The slot on Mark’s door opened with a screech and ripped him from his memories. He tensed, his hands braced on the floor at his sides.

“Approach the door and lie with your feet through the slot,” said a disembodied voice from a speaker set somewhere in the ceiling.

Mark didn’t take the time to look for the source. He followed the directions, flinching when the hated shackles snapped around his ankles. He repeated the process with his hands. The voice then told him to stand in the middle of the room with his back to the door.

He took a deep breath, trying to will his muscles to relax, but the stress and fear overcame him and the chains on his shackles rattled with every wave of fear. If only he had a clue what was going to come next.

The door creaked open, and guards entered. The web of chains again circled his waist and attached his hands and feet to a central chain. He dared to look at the guards surrounding him, relieved that none held the other gear. He felt he could face whatever was coming as long as he could see and hear.

The guards took him down a half dozen hallways, through locked doors and into an elevator. He realized it didn’t matter that he could see. He became so turned around and confused, he had no idea where he was. None of the guards spoke and the halls were quiet. If there were other inmates, Mark didn’t see or hear them.

The group arrived at a door that looked no different than the dozen that they had passed en route. The guard in the lead opened the door and held it open, locking it behind them.

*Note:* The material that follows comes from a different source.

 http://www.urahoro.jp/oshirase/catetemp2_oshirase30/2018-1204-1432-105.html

Mark’s apprehension escalated when he noticed some odd features in the room. Eye rings jutted up from the floor and the cement sloped down towards a rusty drain. A wood table with six chairs took up the far wall. Five of the chairs looked like they had been pulled from offices. One was straight-backed and wooden. He had no doubt which one was meant for him.

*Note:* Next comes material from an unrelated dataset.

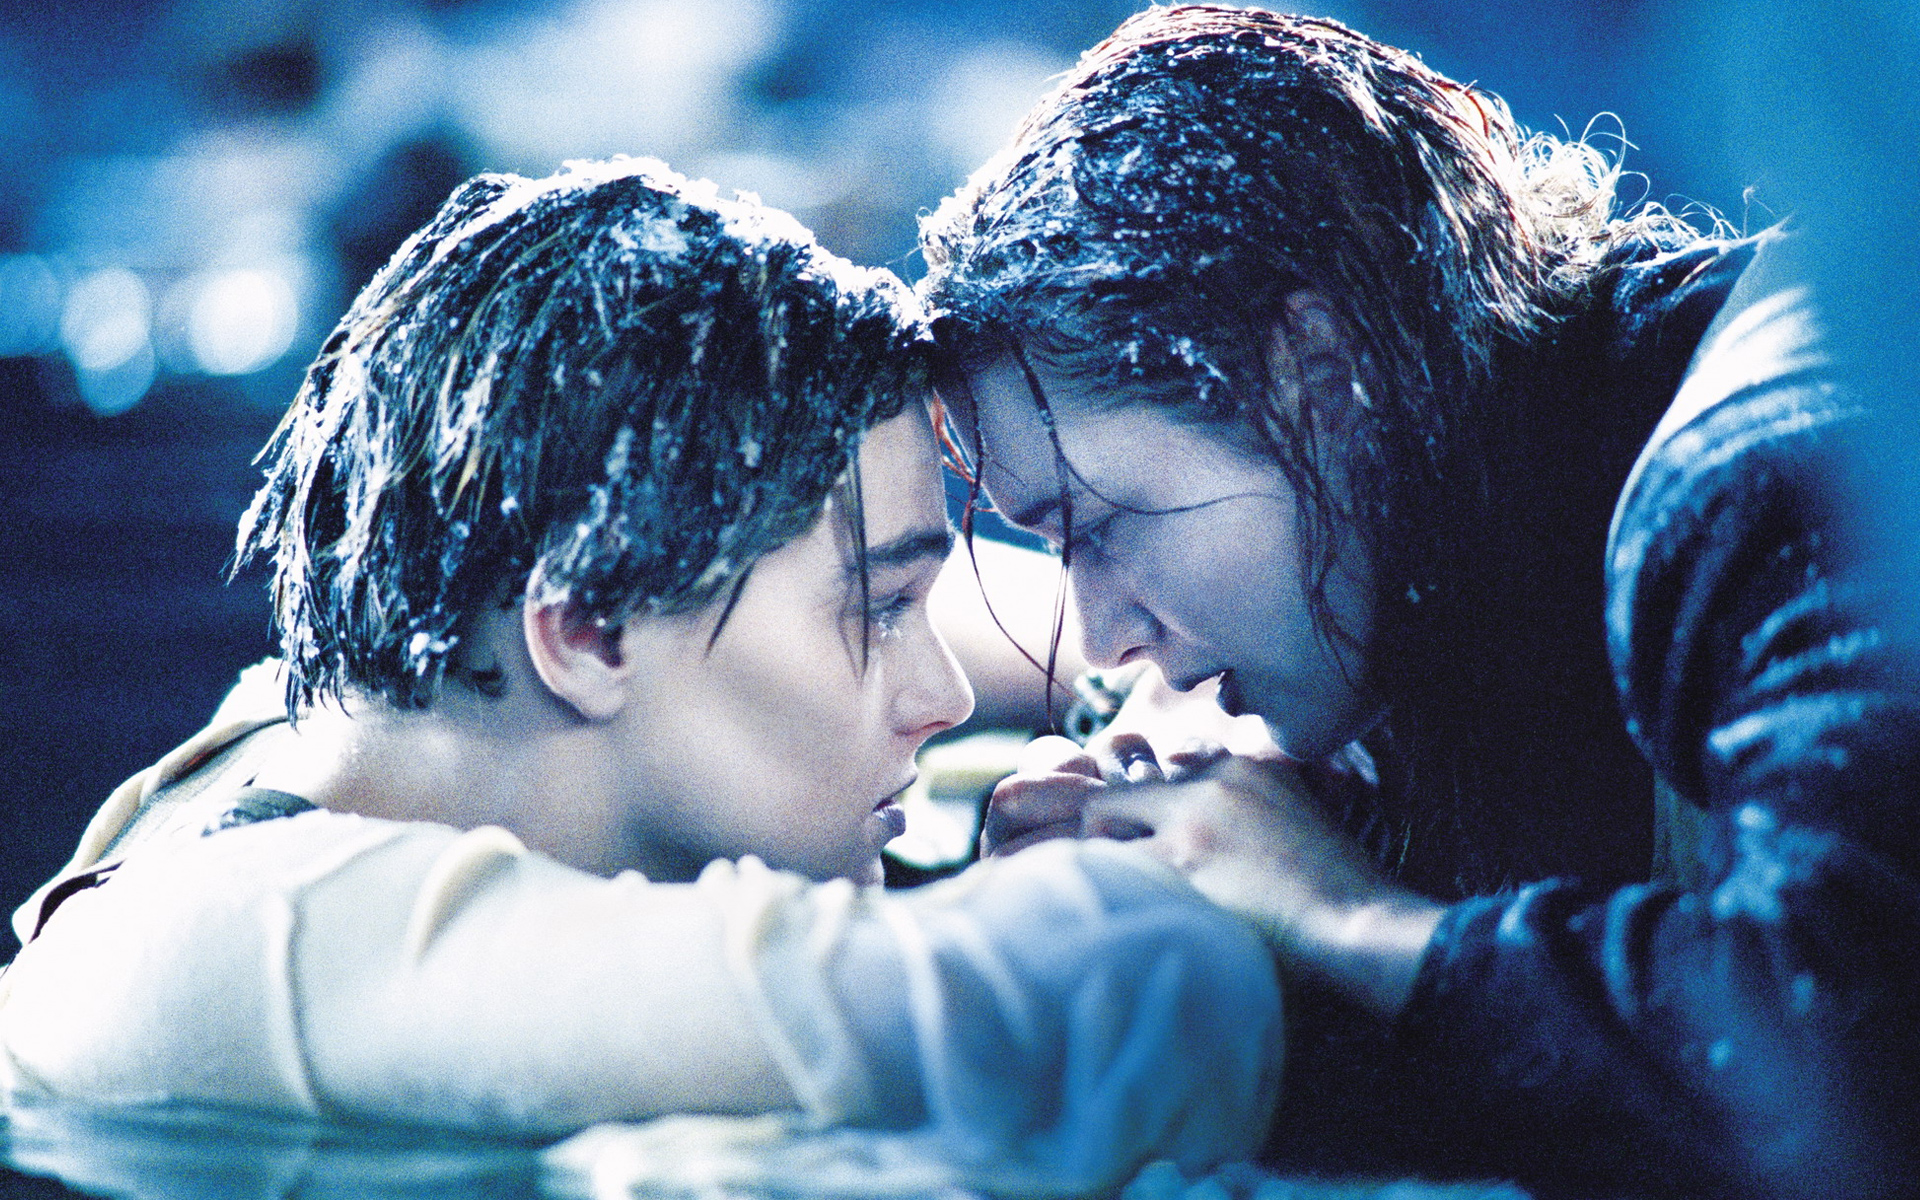 Знаменитая сцена из фильма «Титаник»

The lead guard pulled that chair into the middle of the room and motioned for Mark to sit. He did as he was told and waited. The guards remained, none speaking. Mark wondered what they would do if he spoke to them. He could ask the one in charge if he wanted to go have a beer with him after work. Go shoot the breeze.

Of course, he wouldn’t do that. Even if he had tried, it wouldn’t have worked because when he attempted to make eye contact with them, one by one, they looked right through him. It was like he was invisible. Only one, a younger guy, made eye contact, and the flash of knowledge and pity, in the guy’s eyes an instant before he looked away, sent Mark’s heart racing. That guard knew what was coming and whatever it was, wouldn’t be pleasant.

Time passed, but how much, Mark had no way of knowing. His hands became numb from the cuffs and the position in which he had to hold them. When a key rattled in the door, a bolt of pure fear pinned his back to the chair. His vision narrowed to the entrance and his heart thumped so hard, it threatened to punch a hole through his chest.

CHAPTER FIVE

 

 

Five men entered. Three sat at the table, facing Mark. Two of them had pads of paper and pencils and almost immediately began writing. The third sat back and raised one ankle to rest on his other knee and tilted a bottle of water, taking a long drink.

Mark didn’t like the way the man seemed to be settling in and making himself comfortable. It was as though he expected to be there a long time.

The other two men spoke quietly in the corner for a few minutes. One had dark hair cut short and he moved with a military bearing. The other sported a shaved head, and appeared to be trying to convince the first of something. The dark haired man shook his head, his jaw set.

Mark strained to hear what they said but couldn’t make out the words. After a few minutes of looking through a folder, they appeared to come to some agreement and turned towards Mark. The shaved one ambled up to Mark, halting just in front of him.

“Hello. I’m Bill and this is Jim.” He jabbed his thumb in the direction of the other man. “This group behind me will be observing and taking notes. How it works is like this—we ask you some simple questions, and you answer them. If the answers are satisfactory, then we’ll all have a pleasant session.” He spread his hands and smiled. “We all like when a session is easy, don’t we, Jim?”

Jim grunted and glared at Mark, his arms crossed. “Let’s just get on with it.”

Mark squirmed under the scrutiny. What more could he tell them that he hadn’t already told the FBI? What was this Jim guy so pissed about?

Bill shrugged. “Okay. You go first, Jim. I’ll just go sit over here.”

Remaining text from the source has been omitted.